Olá André, sei que é inesperado, decidimos enquanto estavas de férias. Decidiram o quê? A Tua promoção. Foste promovido. Promovido? Sim, o departamento é teu. Estás a brincar? Sou a tua chefe, não ia brincar com uma coisa destas. Por favor diz-me que estás a brincar. Sabes que estou em crise, ainda no outro dia tive um ataque de pânico no metro, estou a pensar regressar a Lisboa, não preciso da responsabilidade de chefiar um departamento, não agora. Tarde demais, os americanos já aprovaram. Que pesadelo, estava tão bem a editar e filmar de vez em quando. Agora vou passar o tempo entre reuniões e ficheiros compartilhados. Pensa bem André, o que queres mais? 
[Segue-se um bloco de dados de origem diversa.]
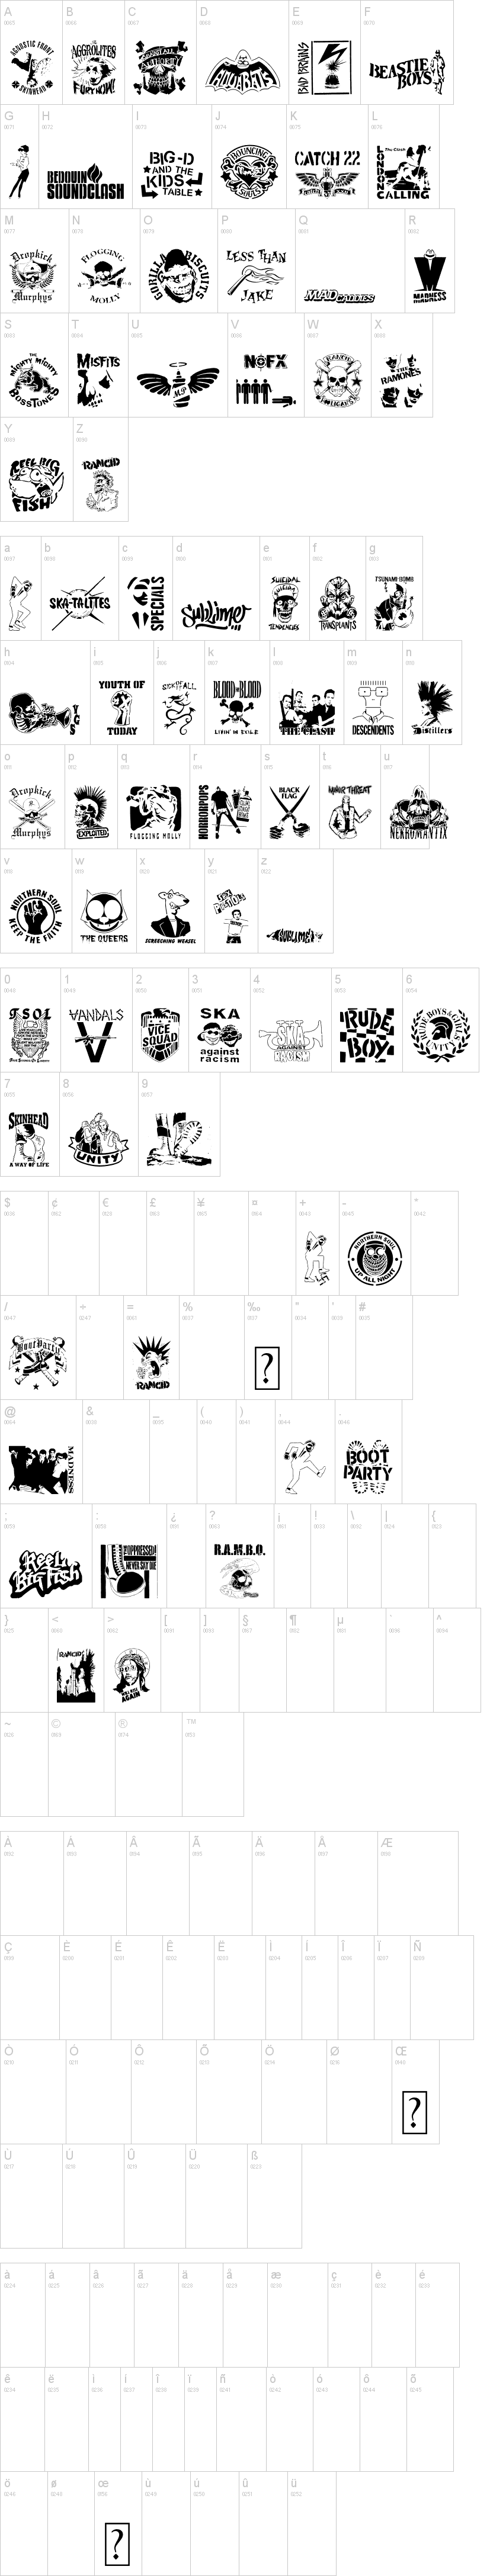 Stencil punks band logos the good word of punk diy pinterest

Quero decidir que não quero uma promoção. Então mas o que é feito do teu andar sempre à deriva dos acontecimentos? Eu era assim? Era parte do teu charme. 
 
Acordei há pouco. É cedo o suficiente para começar a ouvir comboios madrugadores a passar junto à casa que estremece com precisão ferroviária. Estou de novo no bairro de Putney, na primeira casa onde vim parar há 8 anos atrás. Vim visitar amigos que entretanto ficaram a viver aqui e fiquei para jantar, o vinho chileno tratou do resto. 
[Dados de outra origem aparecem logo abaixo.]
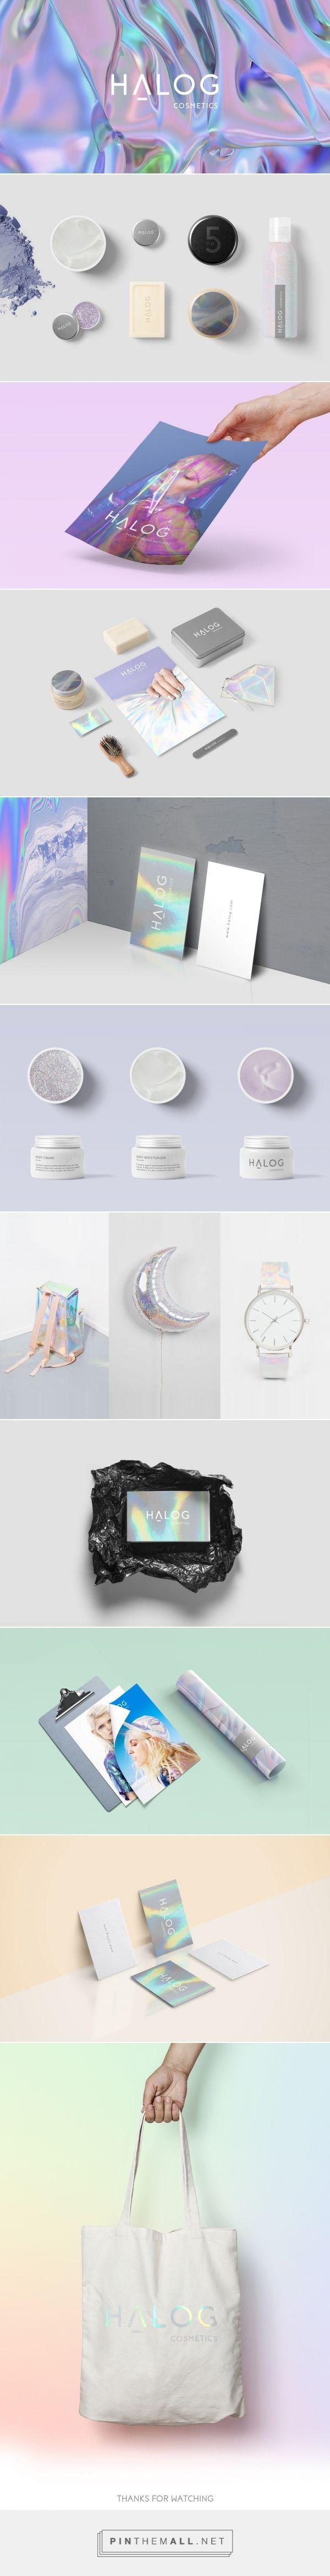 Halog Cosmetics Branding by Katerina Petridou | Fivestar Branding Agency – Design and Branding Agency & Inspiration Gallery

Levanto-me e tento acordar alguém, em vão. Vou sair e comprar o pequeno almoço. Ouço a porta bater atrás de mim e lembro-me que que já não tenho as chaves desta casa. Posso simplesmente ir embora.
 
Que faço? Viro à esquerda? À direita? Sigo em frente, chego à secção internacional da biblioteca local e procuro livros em português, mas encontro apenas a versão inglesa do Conto da Ilha Desconhecida, you have to leave the island in order to see the island, we can't see ourselves unless we become free of ourselves*. É a primeira vez que leio Saramago. É a ele que devo a dimensão da decisão que tomei. Passaram-se anos, é impossível fazer uma pausa na vida, esta continua sem mim e em mim. Esta ilha moldou-me. Circundou-me e circunscreveu as linhas que me definem. Estou há 8 anos em Londres. Tenho mais anos de vida adulta e profissional em Inglaterra do que em Portugal. Não posso mudar isso, não posso andar para trás, mas o que se segue sou eu que decido, sem pressas, sem pressões. Sei o que quero, quero desemigrar.
 
* "é necessário sair da ilha para ver a ilha, não nos vemos se não nos saímos de nós, (...)" in Conto da ilha desconhecida (1998), de José Saramago
 
 Está na altura de fazer uma pausa. Volto em Janeiro. Até lá.